Se sonrió en el espejo, y el pensamiento la animó. Tal vez sí podía ser una diosa. Tal vez no era tan descabellada la idea. Si se permitía creer en sí misma podría conseguirlo. El problema era que había olvidado cómo hacerlo. La impotencia, el fracaso, el esfuerzo en vano habían hecho de Zoe una mujer precavida. No se fiaba de nada, porque sabía que nada era seguro. Ni siquiera confiaba en sí misma. Alguien así, ¿cómo conseguiría hacerse pasar por una diosa? Aunque su aspecto lo fuera, su interior seguía siendo el mismo. La misma chica insegura que debía alzar un muro de valentía con toda su fuerza de voluntad. ¿Podría esa fuerza de voluntad ser suficiente? ¿Y si lo era, qué pasaría después?

Zoe lo había estado pensando. Si fracasaba, sabía lo que pasaría; el mundo llegaría a su fin y moriría. Una guerra. Pero, ¿y si lo conseguía? ¿Qué sucedería si cumplía con su misión? No creía ser capaz de ser Hera eternamente. Y aunque lo fuera, ¿realmente querría hacerse pasar por otra el resto de su vida? ¿Era esa la clase de vida para la que había nacido?

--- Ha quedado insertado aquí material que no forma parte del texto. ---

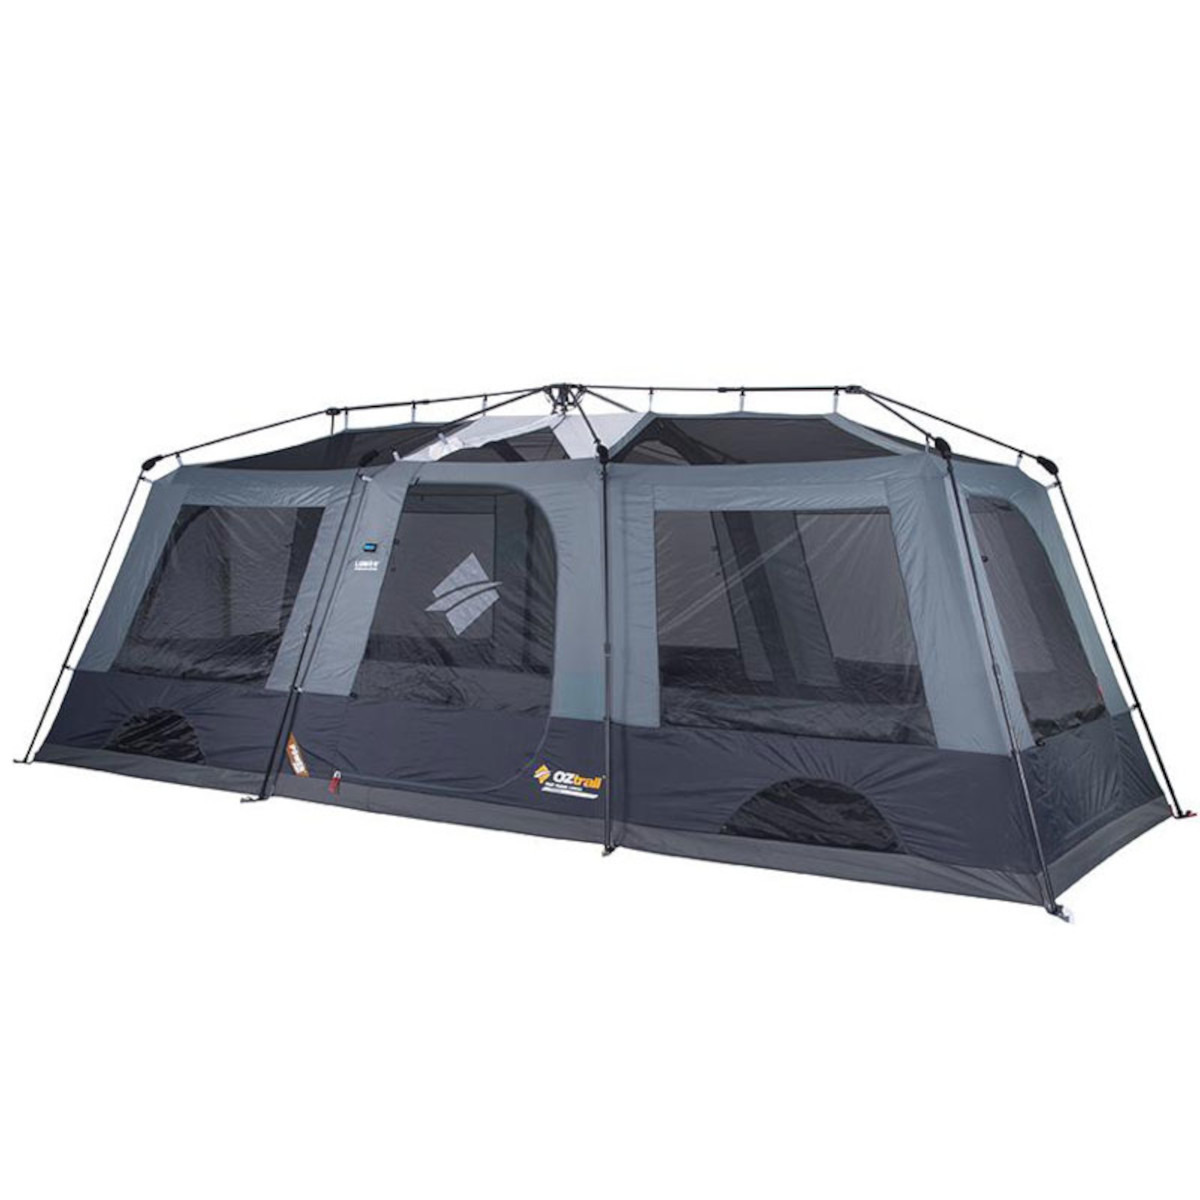 Oztrail Fast Frame Lumos 10P-camping tent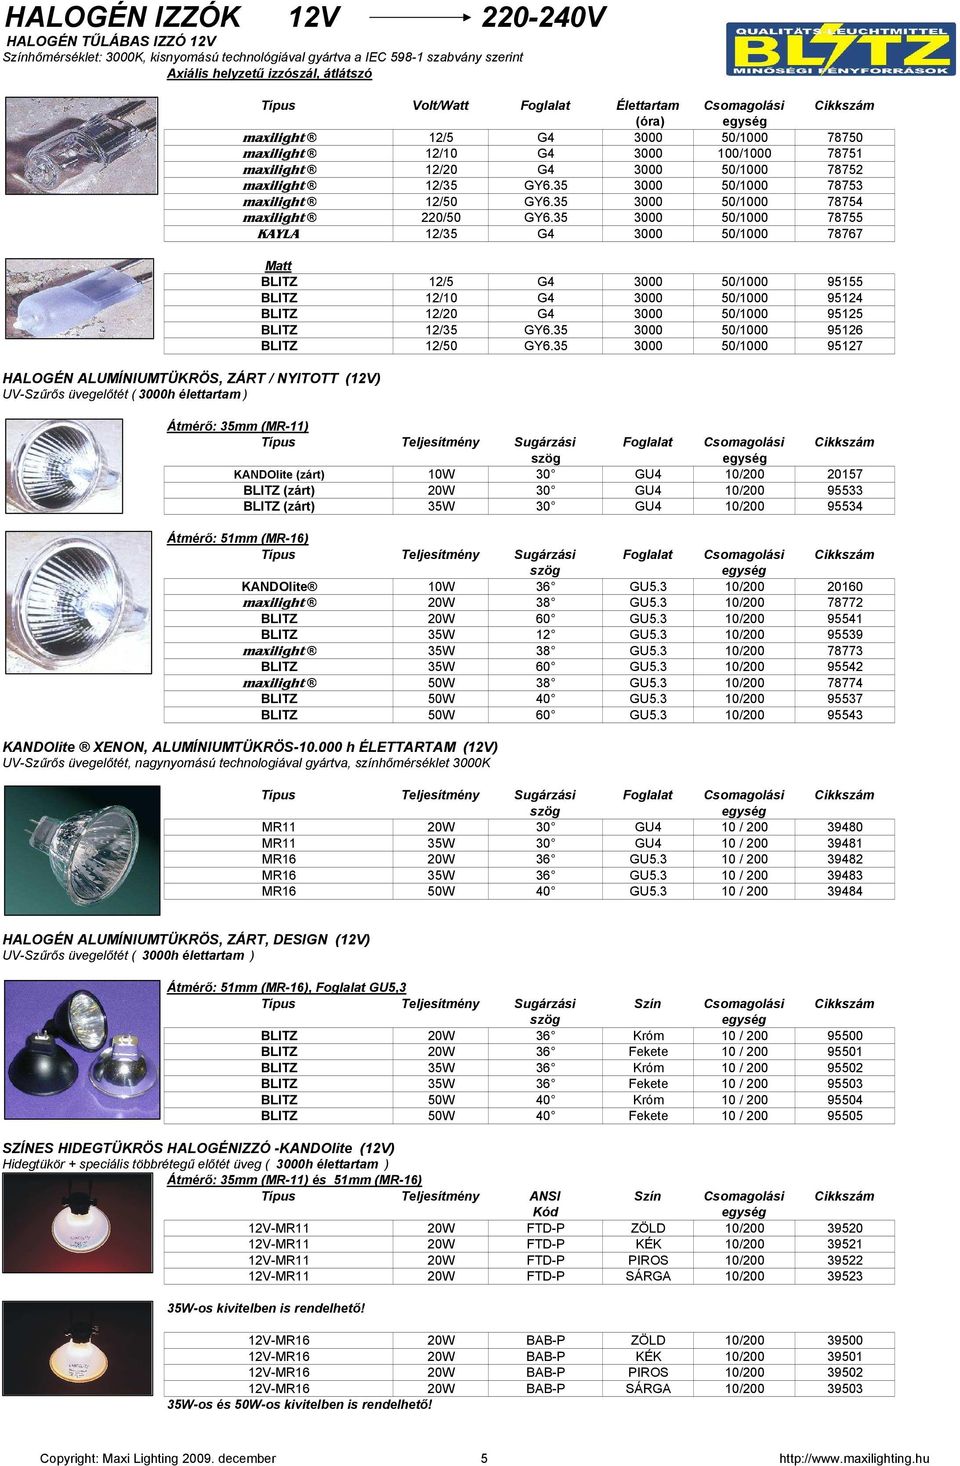 78751 maxilight 12/20 G4 3000 50/1000 78752 maxilight 12/35 GY6.35 3000 50/1000 78753 maxilight 12/50 GY6.35 3000 50/1000 78754 maxilight 220/50 GY6.

Sus pensamientos fueron interrumpidos cuando la puerta doble se abrió de nuevo. Eirene cargaba una caja sofisticada, con filigranas de oro y cobre. Le dedicó una sonrisa antes de dejar la caja encima de la cama.

—Ven, siéntate —comentó palpando la cama a su lado. Zoe lo hizo y se quedó quieta, mientras Eirene se colocaba detrás de ella y abría la caja para extraer un peine—. Debes mantenerte firme.

Zoe se tensó. Mientras, Eirene comenzó a modelar su cabello, marcando los rizos y tejiendo los mechones en un semirecogido.

—Cuando estés delante de algún otro dios o ser, la firmeza puede llegar a ser todo lo que necesites para convencerles de lo que eres.

El consejo la sorprendió al principio, pero sonrió al comprender que había hablado en serio. Realmente iba a ayudarla, lo cual agradeció inmensamente.

—Debo ser egoísta y fingir superioridad ante todos los que me rodeen, ¿no? —inquirió—. Los dioses no son ni la mitad de poderosos de lo que creen. Si lo fueran, yo no podría hacerme pasar por uno de ellos.

Eirene no detuvo sus manos, pero pudo notar que contenía la respiración, pensando en sus palabras. Aun de espaldas, Zoe pudo notar su sonrisa divertida.

—Puede que seas la esperanza que esperábamos.

Aunque no supo qué quería decir con eso, tuvo la sensación de que la semidiosa había tomado la extraña decisión de confiar en ella.

—Estás perfecta.

Las palabras de Eirene la informaron que ya había terminado. Se levantó de la cama, dirigiéndose de nuevo al espejo y contemplando la exquisita obra de la semidiosa. Abrió los ojos de par en par al ver lo que había logrado. Una sucesión de mechones entretejidos y moldeados se unían en su coronilla, adornados con tiaras de oro que separaban en dos líneas horizontales el recogido. Rizos ondulados caían a lado y lado, reposando sobre su escote. Y dos mechones enmarcaban su fino rostro. Simétrico, y muy bien sujeto. No parecía que el recogido pudiera deshacerse, lo cual lo hacía muy cómodo.